MedCAT can be used to extract information from Electronic Health Records (EHRs) and link it to biomedical ontologies like SNOMED-CT and UMLS. Preprint [research-gate](https://www.researchgate.net/publication/344270949_Multi-domain_Clinical_Natural_Language_Processing_with_MedCAT_the_Medical_Concept_Annotation_Toolkit). 

## Demo
A demo application is available at [MedCAT](https://medcat.rosalind.kcl.ac.uk). Please note that this was trained on MedMentions
and contains a very small portion of UMLS (<1%). 

## Tutorial
A guide on how to use MedCAT is available in the [tutorial](https://github.com/CogStack/MedCAT/tree/master/tutorial) folder.

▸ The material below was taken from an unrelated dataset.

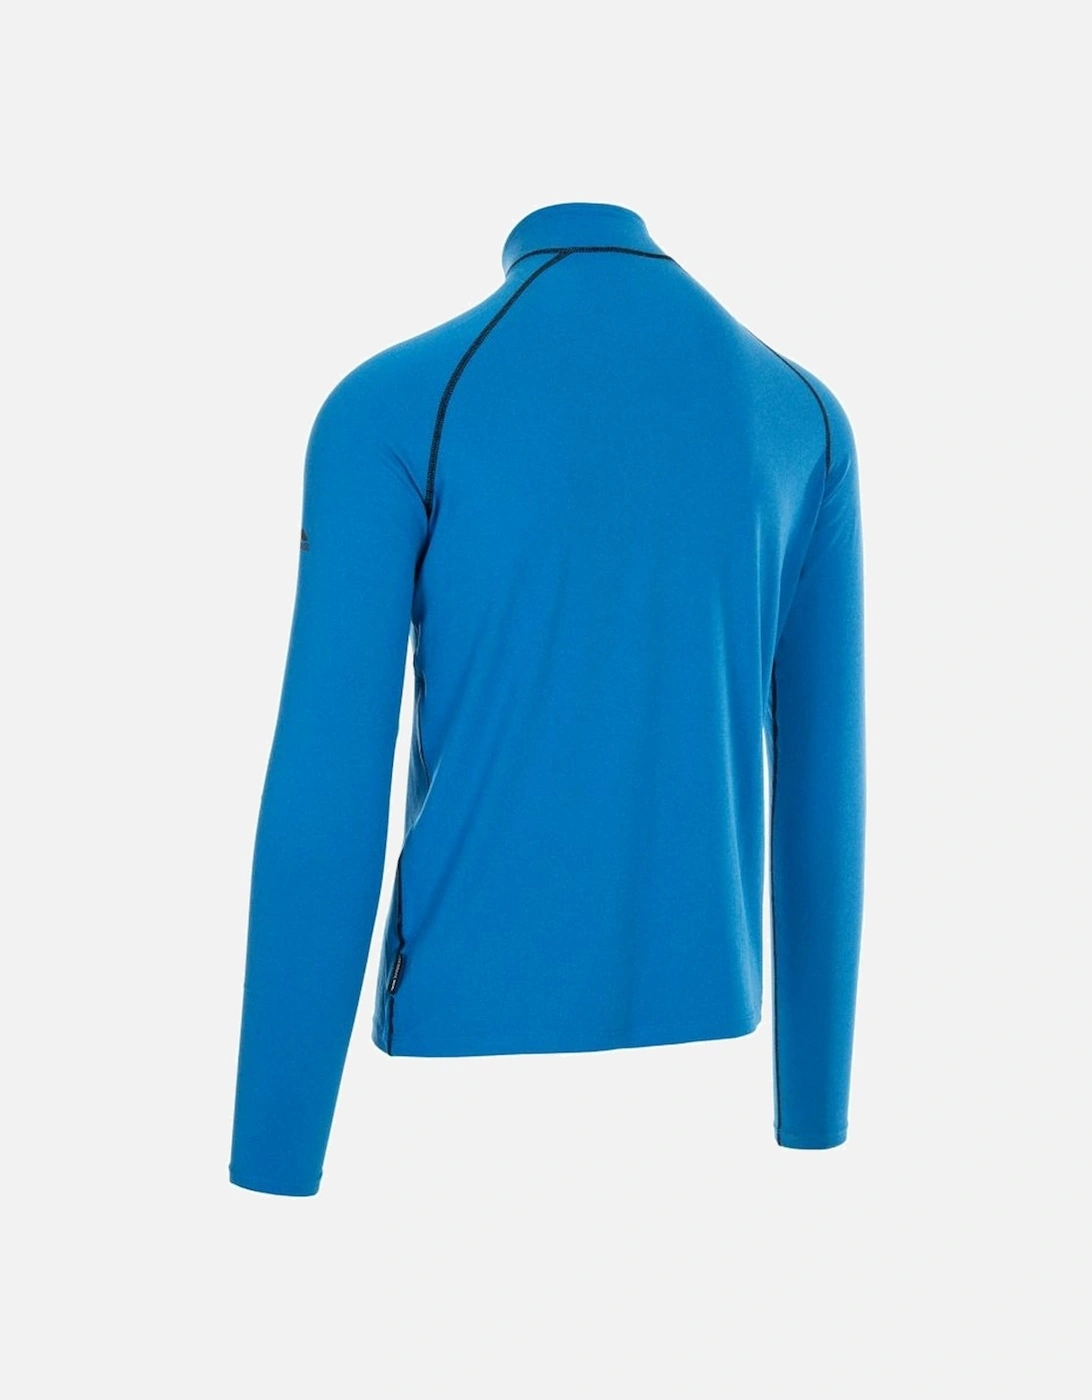 Mens Arlo Long Sleeve Quick Dry Active Top
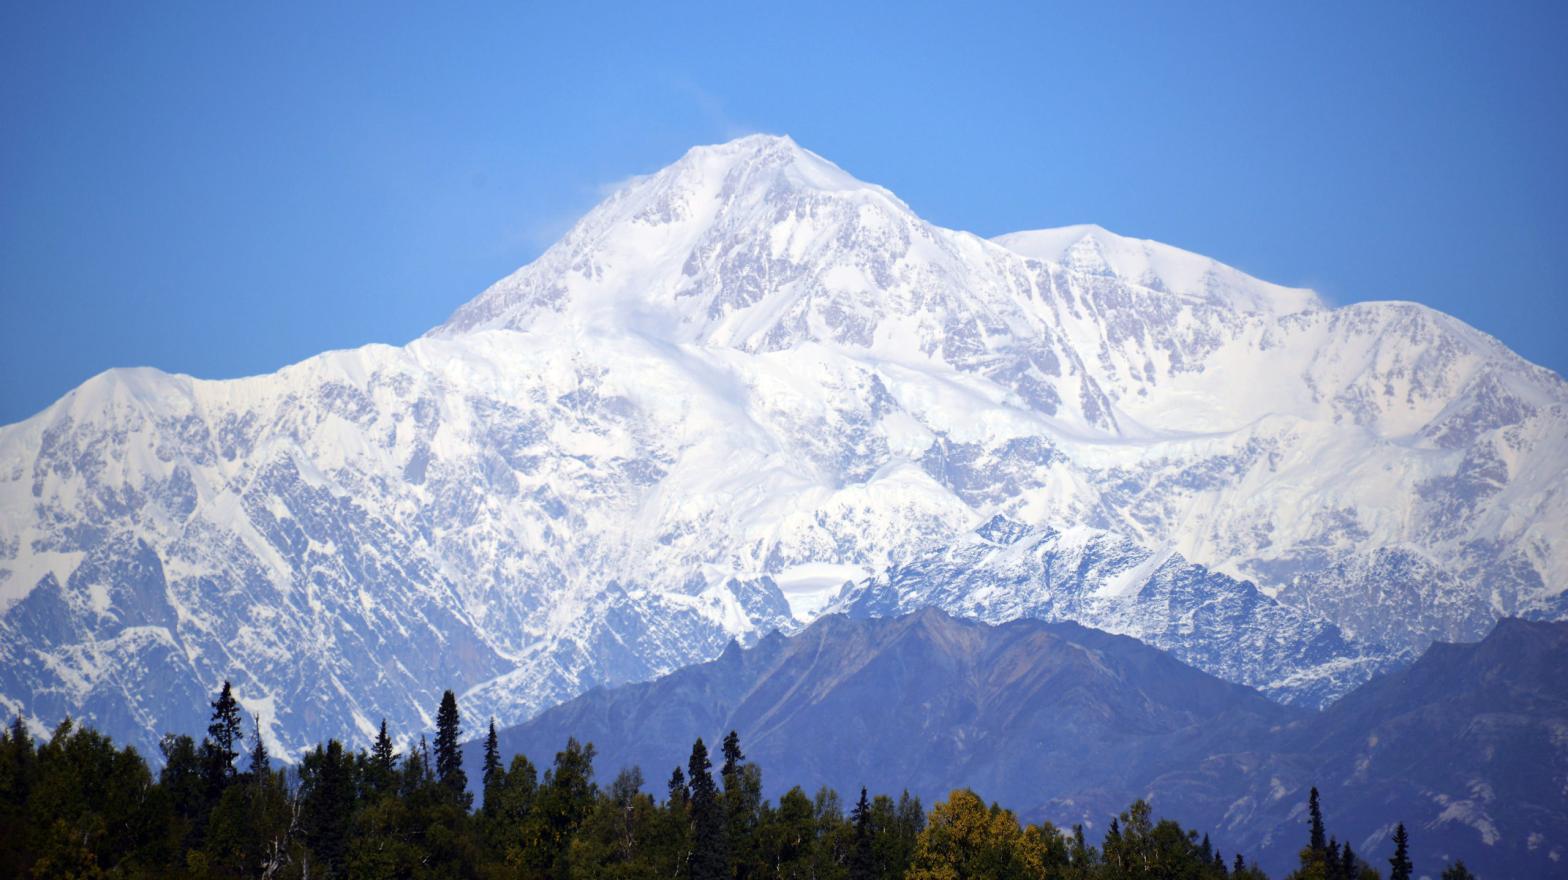 A view of Denali, formerly known as Mt. McKinley. (Photo: Lance King, Getty Images)

Read more about MedCAT on [Towards Data Science](https://towardsdatascience.com/medcat-introduction-analyzing-electronic-health-records-e1c420afa13a).

## Papers that use MedCAT
- [Treatment with ACE-inhibitors is not associated with early severe SARS-Covid-19 infection in a multi-site UK acute Hospital Trust](https://www.researchgate.net/publication/340261837_Treatment_with_ACE-inhibitors_is_not_associated_with_early_severe_SARS-Covid-19_infection_in_a_multi-site_UK_acute_Hospital_Trust)
- [Supplementing the National Early Warning Score (NEWS2) for anticipating early deterioration among patients with COVID-19 infection](https://www.medrxiv.org/content/10.1101/2020.04.24.20078006v1)
- [Comparative Analysis of Text Classification Approaches in Electronic Health Records](https://www.researchgate.net/publication/341396173_Comparative_Analysis_of_Text_Classification_Approaches_in_Electronic_Health_Records)
- [Experimental Evaluation and Development of a Silver-Standard for the MIMIC-III Clinical Coding Dataset](https://arxiv.org/abs/2006.07332)

## Related Projects
- [MedCATtrainer](https://github.com/CogStack/MedCATtrainer/) - an interface for building, improving and customising a given Named Entity Recognition and Linking (NER+L) model (MedCAT) for biomedical domain text.
- [MedCATservice](https://github.com/CogStack/MedCATservice) - implements the MedCAT NLP application as a service behind a REST API.
- [iCAT](https://github.com/CogStack/iCAT) - A docker container for CogStack/MedCAT/HuggingFace development in isolated environments.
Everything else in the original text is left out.